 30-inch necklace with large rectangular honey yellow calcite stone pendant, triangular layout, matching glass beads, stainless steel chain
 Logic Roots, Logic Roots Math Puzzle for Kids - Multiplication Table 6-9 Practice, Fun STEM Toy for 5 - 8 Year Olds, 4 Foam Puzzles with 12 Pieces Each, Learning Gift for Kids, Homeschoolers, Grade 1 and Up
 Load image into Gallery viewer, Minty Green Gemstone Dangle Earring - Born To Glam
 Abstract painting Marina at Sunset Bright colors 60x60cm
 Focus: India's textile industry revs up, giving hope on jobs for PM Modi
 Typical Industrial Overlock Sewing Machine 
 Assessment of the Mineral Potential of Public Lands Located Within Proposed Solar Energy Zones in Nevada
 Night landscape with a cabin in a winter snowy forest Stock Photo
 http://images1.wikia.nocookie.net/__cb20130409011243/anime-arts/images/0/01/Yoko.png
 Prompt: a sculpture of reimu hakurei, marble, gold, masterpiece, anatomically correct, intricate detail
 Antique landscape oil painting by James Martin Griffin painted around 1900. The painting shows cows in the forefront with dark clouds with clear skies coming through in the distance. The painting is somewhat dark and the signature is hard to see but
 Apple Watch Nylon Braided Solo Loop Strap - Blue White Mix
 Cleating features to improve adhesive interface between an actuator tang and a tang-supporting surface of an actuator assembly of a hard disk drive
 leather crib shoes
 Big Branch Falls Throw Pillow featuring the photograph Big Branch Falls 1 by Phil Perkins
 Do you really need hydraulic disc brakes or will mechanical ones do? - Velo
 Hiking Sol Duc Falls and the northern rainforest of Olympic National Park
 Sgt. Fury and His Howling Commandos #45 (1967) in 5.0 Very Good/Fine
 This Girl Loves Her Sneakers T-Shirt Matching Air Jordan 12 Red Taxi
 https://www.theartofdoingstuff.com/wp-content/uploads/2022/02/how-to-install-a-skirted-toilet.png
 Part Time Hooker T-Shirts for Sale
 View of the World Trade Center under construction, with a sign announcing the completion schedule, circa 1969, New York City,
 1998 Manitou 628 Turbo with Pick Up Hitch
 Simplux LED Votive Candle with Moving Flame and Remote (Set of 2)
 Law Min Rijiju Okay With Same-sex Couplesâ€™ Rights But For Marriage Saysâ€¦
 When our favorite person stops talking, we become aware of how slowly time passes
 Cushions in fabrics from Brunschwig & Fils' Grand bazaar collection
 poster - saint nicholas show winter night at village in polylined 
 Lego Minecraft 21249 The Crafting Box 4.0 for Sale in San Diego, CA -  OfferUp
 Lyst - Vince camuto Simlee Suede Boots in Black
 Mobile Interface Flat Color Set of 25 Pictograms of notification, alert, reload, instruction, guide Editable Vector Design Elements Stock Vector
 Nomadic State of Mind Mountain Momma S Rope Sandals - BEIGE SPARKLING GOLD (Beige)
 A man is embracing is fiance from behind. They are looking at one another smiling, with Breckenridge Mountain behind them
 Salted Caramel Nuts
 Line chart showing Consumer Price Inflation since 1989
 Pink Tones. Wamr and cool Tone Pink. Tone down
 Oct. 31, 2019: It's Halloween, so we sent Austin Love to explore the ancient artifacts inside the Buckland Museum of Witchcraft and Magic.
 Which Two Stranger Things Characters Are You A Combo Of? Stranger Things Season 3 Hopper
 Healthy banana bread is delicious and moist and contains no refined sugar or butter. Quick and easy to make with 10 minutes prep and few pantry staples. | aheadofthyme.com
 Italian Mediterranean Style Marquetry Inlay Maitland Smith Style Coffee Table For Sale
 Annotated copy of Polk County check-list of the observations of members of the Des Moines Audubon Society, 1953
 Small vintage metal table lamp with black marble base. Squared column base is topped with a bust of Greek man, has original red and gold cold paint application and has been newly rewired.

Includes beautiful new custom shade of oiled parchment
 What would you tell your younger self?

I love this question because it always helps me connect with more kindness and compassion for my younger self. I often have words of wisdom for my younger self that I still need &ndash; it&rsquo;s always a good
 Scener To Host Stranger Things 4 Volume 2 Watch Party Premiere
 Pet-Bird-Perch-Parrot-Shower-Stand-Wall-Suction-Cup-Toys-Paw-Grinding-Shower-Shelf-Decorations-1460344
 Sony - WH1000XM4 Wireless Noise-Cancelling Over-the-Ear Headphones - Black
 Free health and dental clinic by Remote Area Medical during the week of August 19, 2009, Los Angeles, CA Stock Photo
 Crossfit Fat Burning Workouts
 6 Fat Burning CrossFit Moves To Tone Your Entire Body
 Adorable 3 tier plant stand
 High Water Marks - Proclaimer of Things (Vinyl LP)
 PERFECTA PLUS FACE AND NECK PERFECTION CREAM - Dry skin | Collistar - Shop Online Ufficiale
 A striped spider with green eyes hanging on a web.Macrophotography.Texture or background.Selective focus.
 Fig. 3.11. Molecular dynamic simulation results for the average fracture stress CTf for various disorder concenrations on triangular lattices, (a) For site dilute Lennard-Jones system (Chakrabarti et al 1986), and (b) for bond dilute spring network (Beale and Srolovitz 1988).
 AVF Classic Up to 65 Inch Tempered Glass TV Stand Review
════════════════
### [WHAT IS REQUIRED]
In the records above, the line with "Law Min Rijiju" marks the start and the line with "Salted Caramel Nuts" marks the end; copy that stretch exactly, both lines included, and nothing else.

### [RESPONSE AREA]
 Law Min Rijiju Okay With Same-sex Couplesâ€™ Rights But For Marriage Saysâ€¦
 When our favorite person stops talking, we become aware of how slowly time passes
 Cushions in fabrics from Brunschwig & Fils' Grand bazaar collection
 poster - saint nicholas show winter night at village in polylined 
 Lego Minecraft 21249 The Crafting Box 4.0 for Sale in San Diego, CA -  OfferUp
 Lyst - Vince camuto Simlee Suede Boots in Black
 Mobile Interface Flat Color Set of 25 Pictograms of notification, alert, reload, instruction, guide Editable Vector Design Elements Stock Vector
 Nomadic State of Mind Mountain Momma S Rope Sandals - BEIGE SPARKLING GOLD (Beige)
 A man is embracing is fiance from behind. They are looking at one another smiling, with Breckenridge Mountain behind them
 Salted Caramel Nuts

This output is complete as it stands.